Reports stated it was a TU-22M3--to us, a Backfire bomber/recce plane. Swingwing, and supersonic capable. That is a huge airplane, almost 2/3rds the size of a B-1B. And notably, it is an Air Force type plane. A carrier plane is stressed to land without flaring at up to a design descent rate. If you are used to looking at carrier landings, then this one doesn't seem too abnormal.
It looked like they suffered a tailstrike. If they did, then it would be more likely that it was mishandling by the crew or a blind approach instrumentation problem that caused the breakup.
One source was reporting it was a 30 year old airframe. The last one off the line would be 22 years old if published records are correct. That kind of detail may--or may not--be true, and may not really be relevant.
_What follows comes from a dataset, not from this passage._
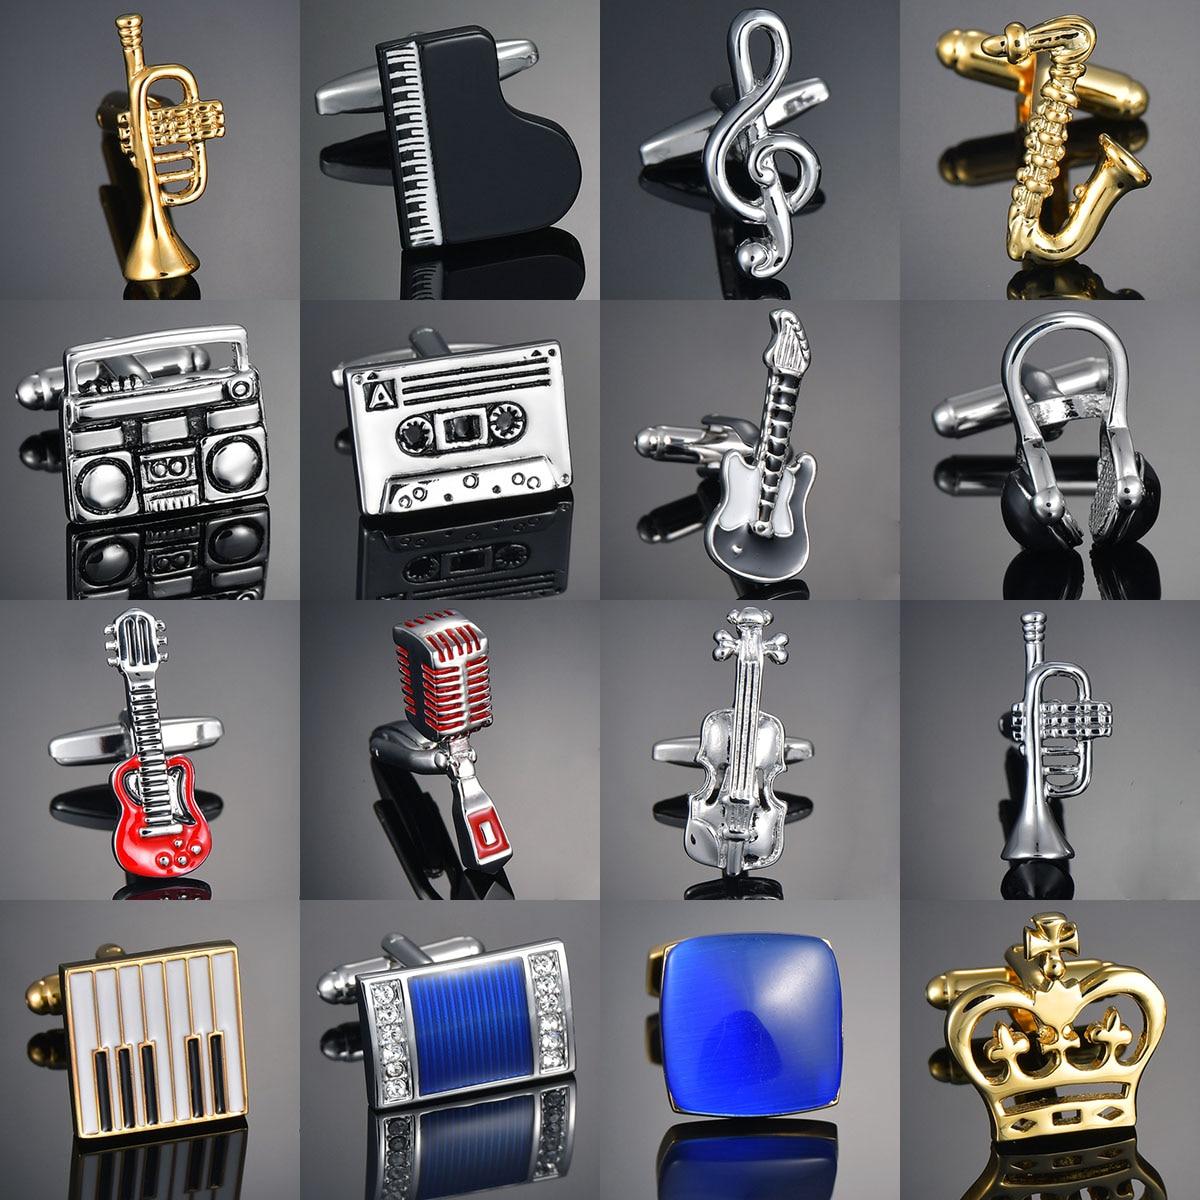 Guitar/Music Note/Recorder/Microphone/Trumpet Cufflinks Music Design Musical Note Cuff Links Piano Bass Cuffs Gemelos Bouton Man

Depends on the design life and maintenance. It was notoriously bad during the Soviet years. The Russians have been upgrading these recently. The M3 is current, I believe, and they plan to do a bunch of them.
Really lousy weather. Not just heavy fog and low visibility--with all that snow on the ground there would be little to no contrast. I can't imagine attempting this, but professional pilots do. These aircraft have a recent history of overrunning runways. On a snow and ice covered runway, you don't flare and tippy-toe, you plant it and try to keep it from overrunning. Still, it looked like the pilot rotated, but had not arrested the descent at all.